Now for the one scene, I am giving honorable mention to what was really my first choice, the smart guy reading the possession spells, which stands out as a notable remnant of the humor of this odd franchise. But I couldn’t avoid a scene that has stood out from the beginning, the first possession besides Mia’s. After the main character’s first freakout, the one character with medical training (played strikingly by Jessica Lucas from Cloverfield) runs for supplies while still covered in gunk of uncertain composition. After a few moments of conversation, we find her in a bathroom trying in vain to clean up. She finally gets out a fateful syringe and a container of medicine. The door slams shut, and she sees her own face, grinning and mutilated, before the mirror shatters. As more creepy sights builds up, she starts to withdraw into another room, further from the group. That’s when she freezes literally in her tracks, an action that feels as violent as any number of the many convulsions before and since. Then the camera zooms in on her legs, and we see another fluid trickling. It’s a subtle detail, yet brutal (and borderline misogynistic) in its implications, and it’s everything one would expect from an Evil Dead film.
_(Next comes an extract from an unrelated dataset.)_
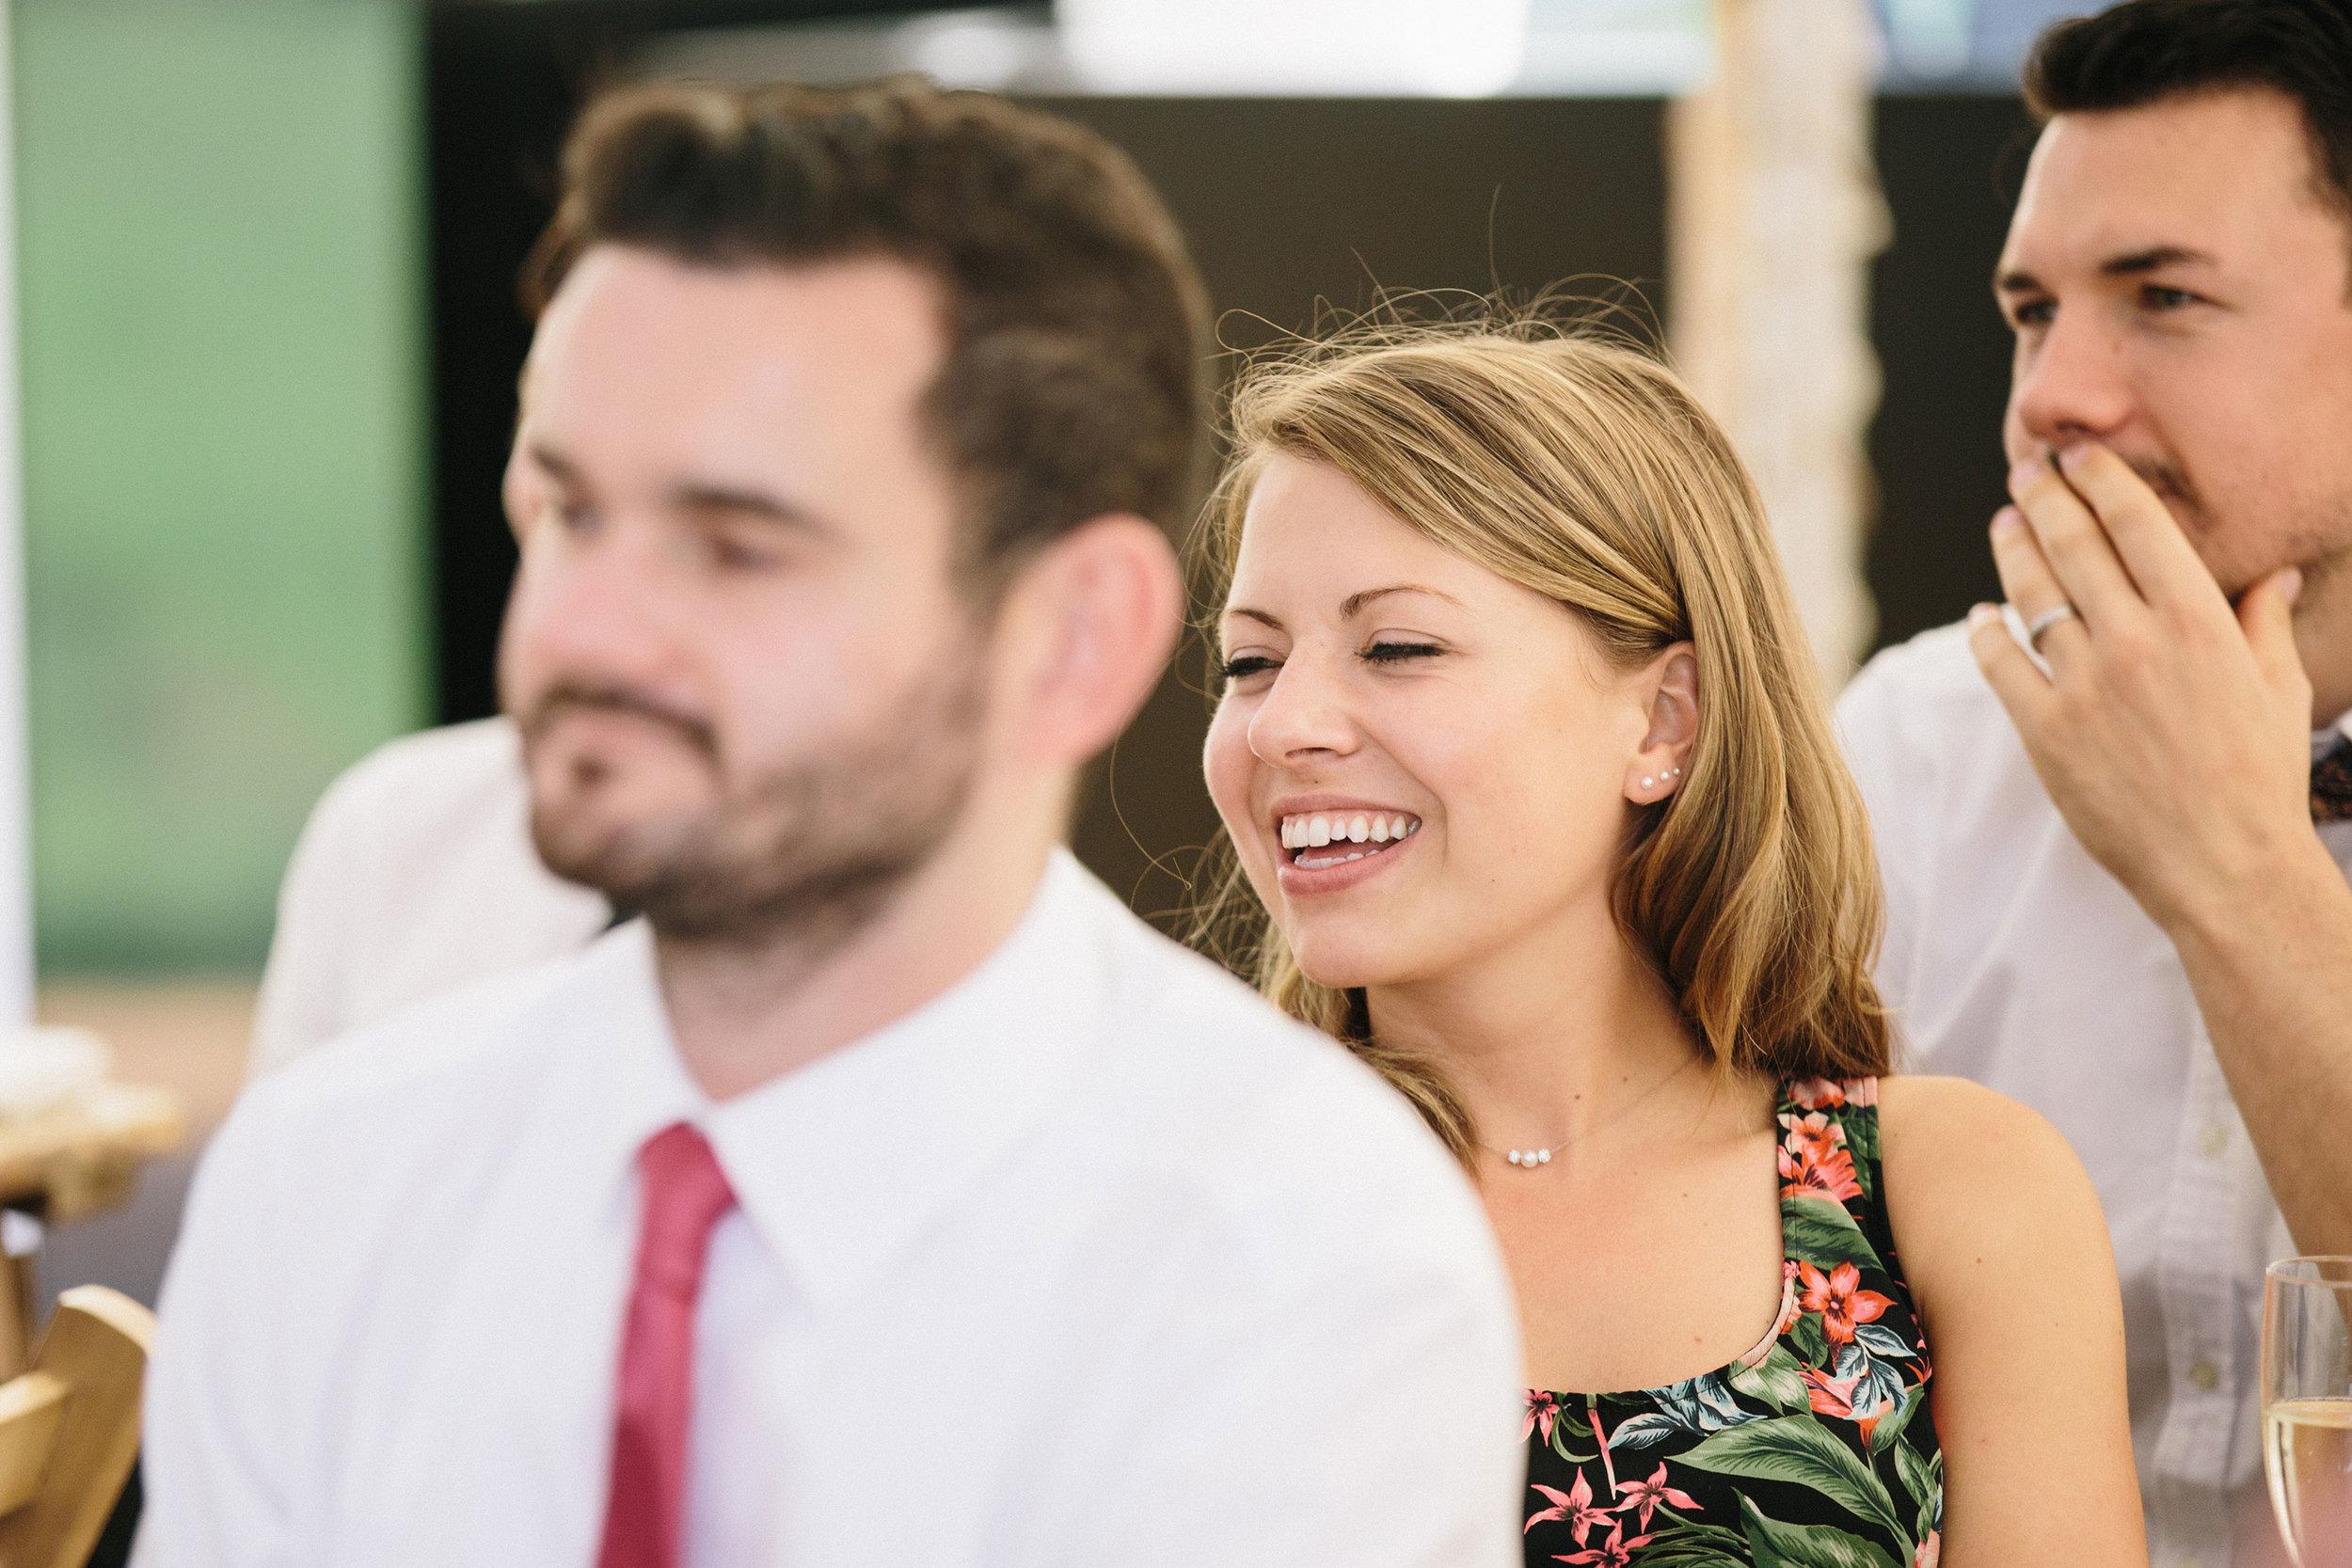 Becky-&-Jon---Aug16---Michael-Newington-Gray-559.jpg
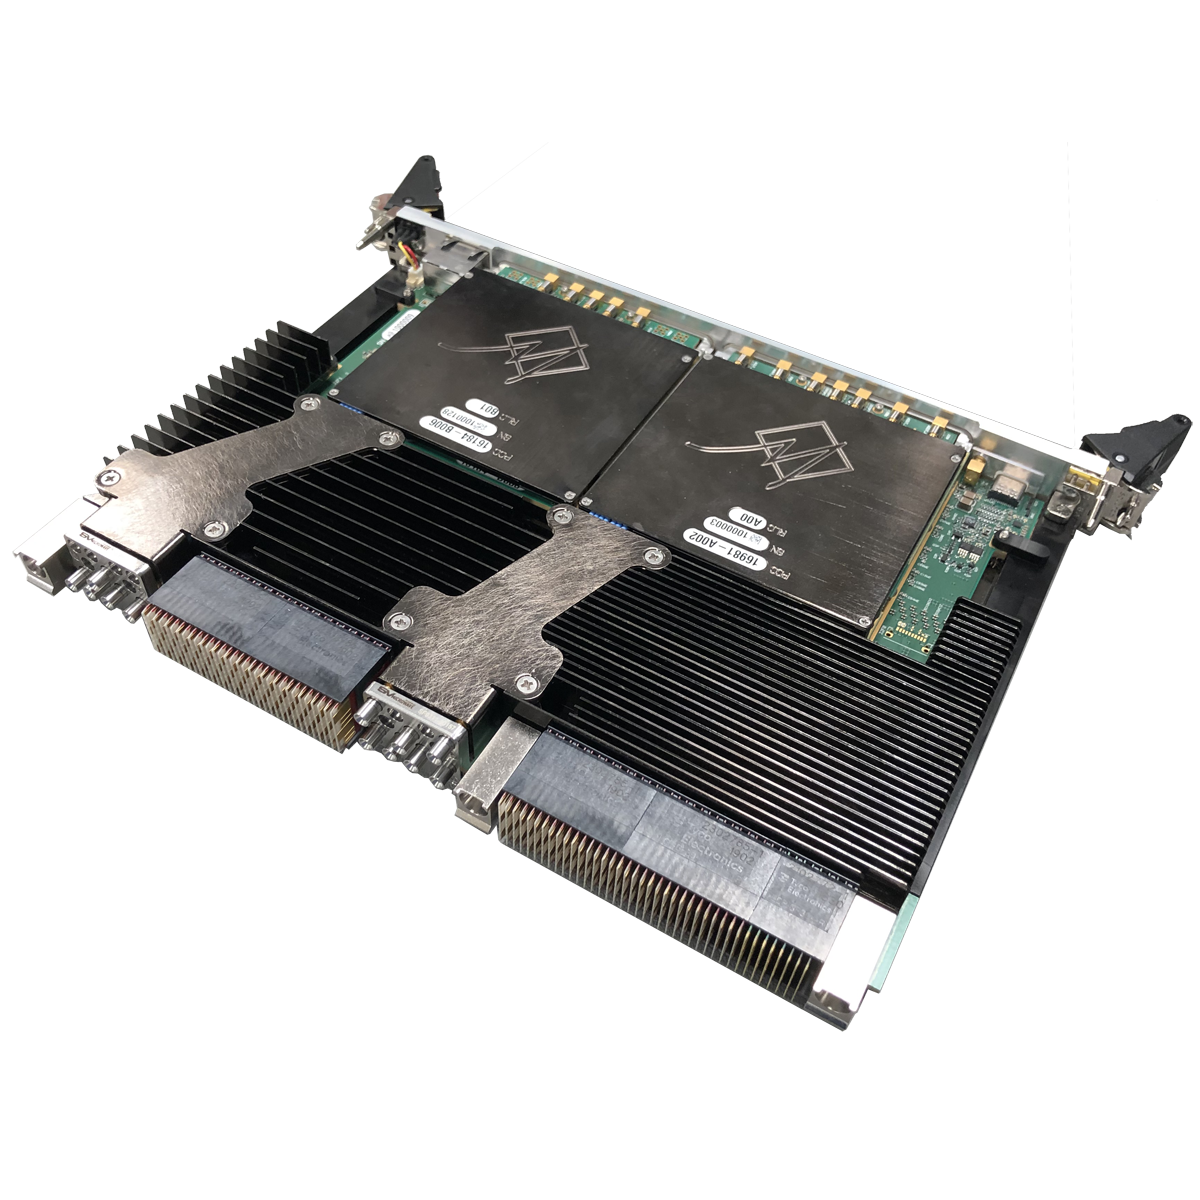 Xilinx Virtex UltraScale+ FPGA Board with Zynq Quad ARM CPU - 6XB2

In closing, what I wanted to close with is what made the Evil Dead franchise great to begin with, something that figured very much in my reactions to the latest installment. What set it apart from the first film onward was its humor. I would argue that what made it last (especially from Evil Dead 2 onward) was its underlying optimism about human nature. This is a series that says you can be weak, fallible and outright cowardly, but still have a chance as a champion of good, and if the cosmic forces of evil take your hand, replace it with a chainsaw. I posit further that this is exactly where the present film got the point of the original and ran with it all the way. For me, that’s more than enough to get it the highest rating, and that’s where I’m fine ending it. Hail to the king!